Deepseek + AWS > EKS deployment > Details

Details

🚀 Deploying DeepSeek with vLLM on AWS EKS

📌 Overview

The DeepSeek with vLLM on EKS project facilitates the deployment of DeepSeek models on AWS EKS (Elastic Kubernetes Service), optimized for GPU or NeuronCore. Below is a step-by-step guide on setting up the infrastructure, deploying the model, and integrating the chatbot UI.

🏗️ Project Structure

chatbot-ui/
│── application/
│   ├── Dockerfile          # Dockerfile for building the UI container  
│   ├── app.py              # Chatbot UI application (Gradio)  
│   ├── requirements.txt    # Python dependencies  
│
│── manifests/
│   ├── deployment.yaml     # Kubernetes Deployment for UI  
│   ├── ingress-class.yaml  # Ingress configuration  
│
│── static/images/          # UI image assets  
│
│── vllm-chart/             # Helm chart for vLLM  
│   ├── values.yaml         # Default configuration values  
│   ├── templates/
│       ├── deployment.yaml # Pod configuration  
│       ├── service.yaml    # Service configuration  
│       ├── _helpers.tpl    # Template helpers  
│
│── .gitignore  
│── helm.tf                 # Terraform script for Helm configuration  
│── main.tf                 # Terraform infrastructure setup  
│── nodepool_automode.tf    # Auto-scaling node pool configuration  
│── README.md               # Documentation

🔄 Workflow

1️⃣ Infrastructure Setup with Terraform

Create VPC and EKS Cluster
- Defined in main.tf using the terraform-aws-modules/eks/aws module.
- Configure Auto Mode Node Pool (nodepool_automode.tf) to automatically select GPU/Neuron instances.
- Create an Amazon ECR repository to store chatbot and vLLM images.
Configure Node Pool (nodepool_automode.tf)
- Set up GPU (g5/g6/p5) or Neuron (inf2).
- Define node selectors, taints, and labels for optimized resource allocation.

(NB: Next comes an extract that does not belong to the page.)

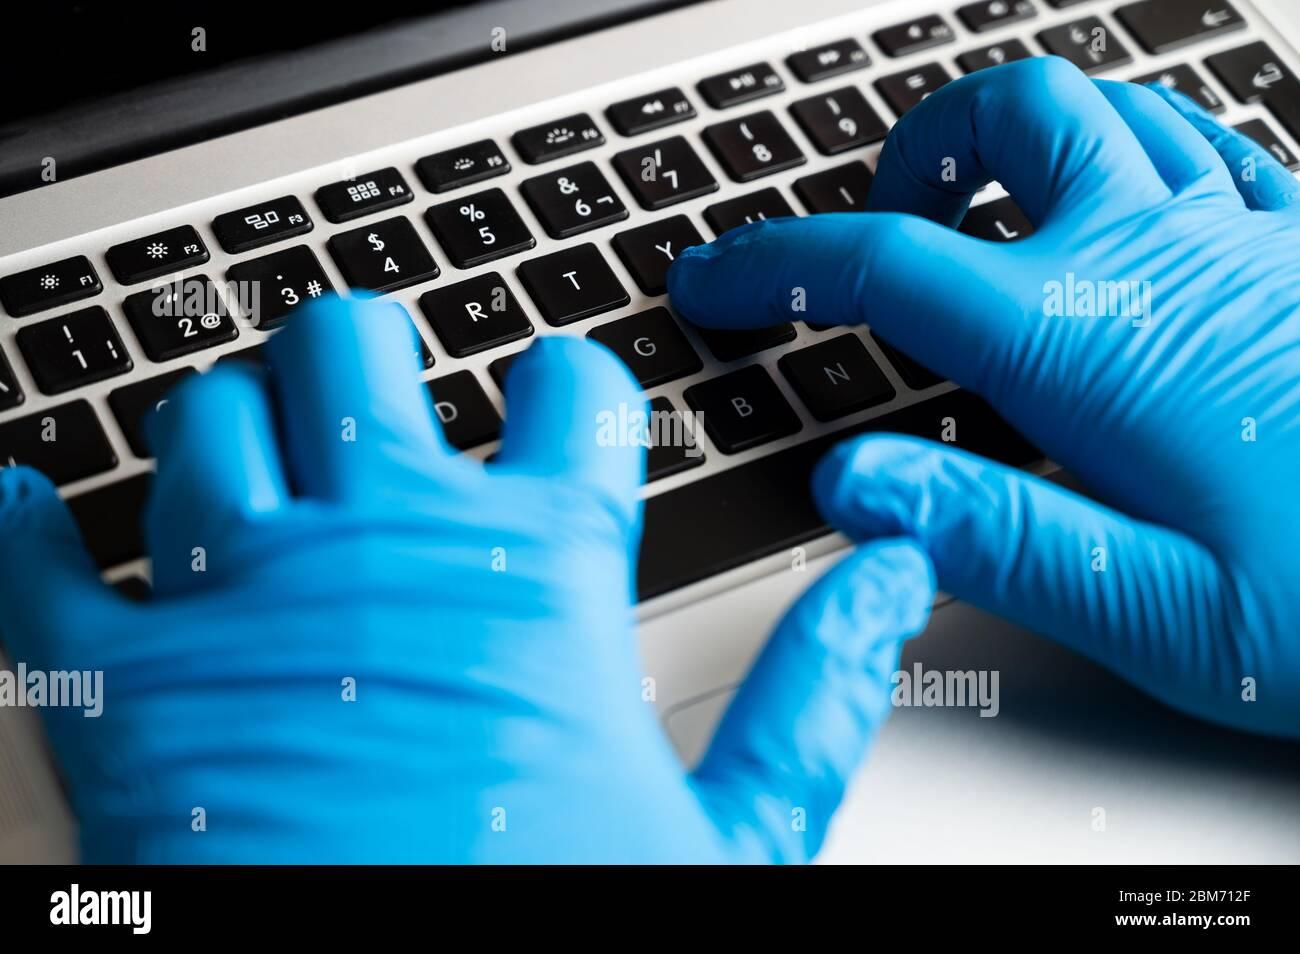 Arbeiten mit Schutzhandschuhen an einem Computer. Coronavirus-Prävention. Sicheres Arbeiten im Büro mit Notebook. Stockfoto

2️⃣ Deploy Model with Helm

Deploy Helm Chart (helm.tf)
- Set up two deployments:
  - deepseek_gpu: Runs on GPU.
  - deepseek_neuron: Runs on Neuron.
- Define resource allocation, selectors, and runtime settings for vLLM.
Configure vLLM Chart (vllm-chart/)
- deployment.yaml: Defines the vLLM running pod.
- service.yaml: Configures the service to handle requests to vLLM.

3️⃣ Deploy Chatbot UI

Build UI Container (Dockerfile)
- Base Image: python:3.12-slim
- Install dependencies from requirements.txt.
- Run the app with uvicorn app:app --host 0.0.0.0 --port 7860.
Deploy UI to Kubernetes (manifests/)
- deployment.yaml: Creates a pod running the UI container.
- ingress-class.yaml: Configures Ingress with an Application Load Balancer (ALB).

⚙️ Configuration Details

🌍 AWS Infrastructure

EKS Cluster: Deployed with Terraform.
Node Pool: Auto-selects GPU or Neuron.
ECR: Stores container images.

🛠 Chatbot Application

Backend: Uses FastAPI to communicate with vLLM.
Frontend: Built with Gradio for an interactive UI.
Authentication: Supports login via username/password.

📦 vLLM Deployment

GPU Model: DeepSeek runs on GPUs (g5/g6/p5).
Neuron Model: DeepSeek runs on NeuronCore (inf2).
Resource Requests & Limits: Optimized resource allocation.

🔒 Security

IAM Role-Based Access Control for secure permissions.
SSL Certificates with Ingress Controller.
Kubernetes Secrets for protecting credentials.

📊 Monitoring & Performance

Liveness & Readiness Probes for container health checks.
Resource Limits to prevent overload.
Node Affinity & Taints for efficient resource scheduling.